Several buttons lead to follow-up analyses on the right side of the result page of a Differential expression between (two) groups analysis. One of the buttons, Enrichr, takes your result list of differentially expressed genes (DEG) outside R2 to the public available Enrichr platform. Enrichr (https://maayanlab.cloud/Enrichr/enrich) is a web-based platform designed for gene set enrichment analysis (GSEA) and functional annotation of gene lists. It allows you to gain insights into the biological processes, pathways, and functions associated with their gene sets of interest. The Enrichr performs an enrichment analysis by comparing the generated R2-list against a large collection of well curated databases such as Gene Ontology, KEGG pathways and disease-associated gene sets

Figure 23: Taking the result to the Enrichr platform.
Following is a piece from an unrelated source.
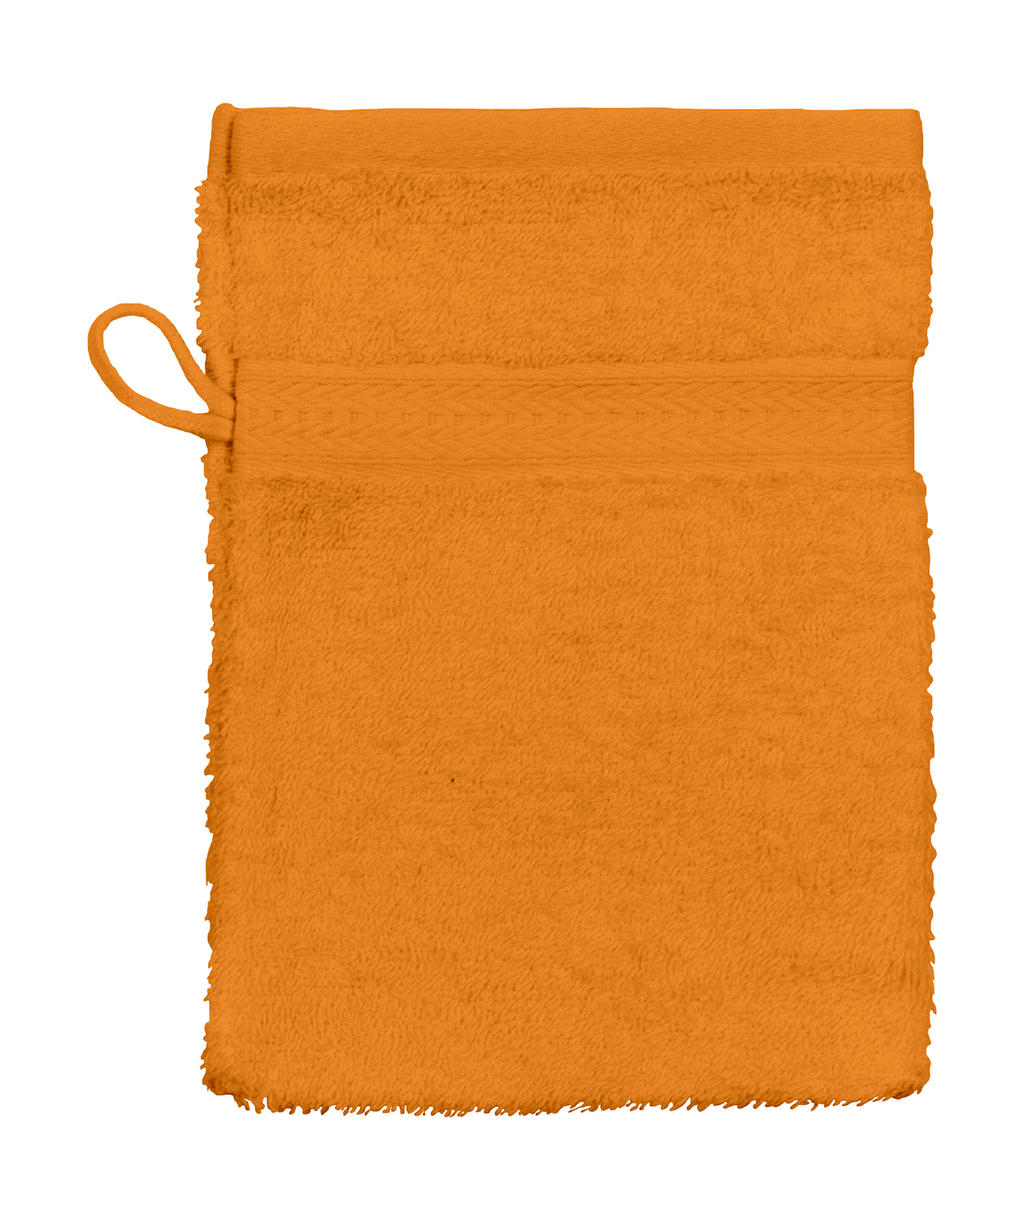  Rhine Wash Glove 16x22 cm in Farbe Bright Orange

Figure 23 shows the Enrichr button you can click directly when the DEG list genes is ready. In the next screen you can select just one group when coming from the two group analysis or if you want to include and even add or delete genes from list. Hitting the ‘Submit’ button will directly lead to the Enrichr platform.

6.12. Final remarks / future directions

This tutorial has shown you how to find genes that are differentially expressed in your dataset of choice. Now go ahead and toy around with selecting groups and tracks of choice and see what interesting scientific discoveries might lie ahead!

We hope that this tutorial has been helpful, the R2 support team.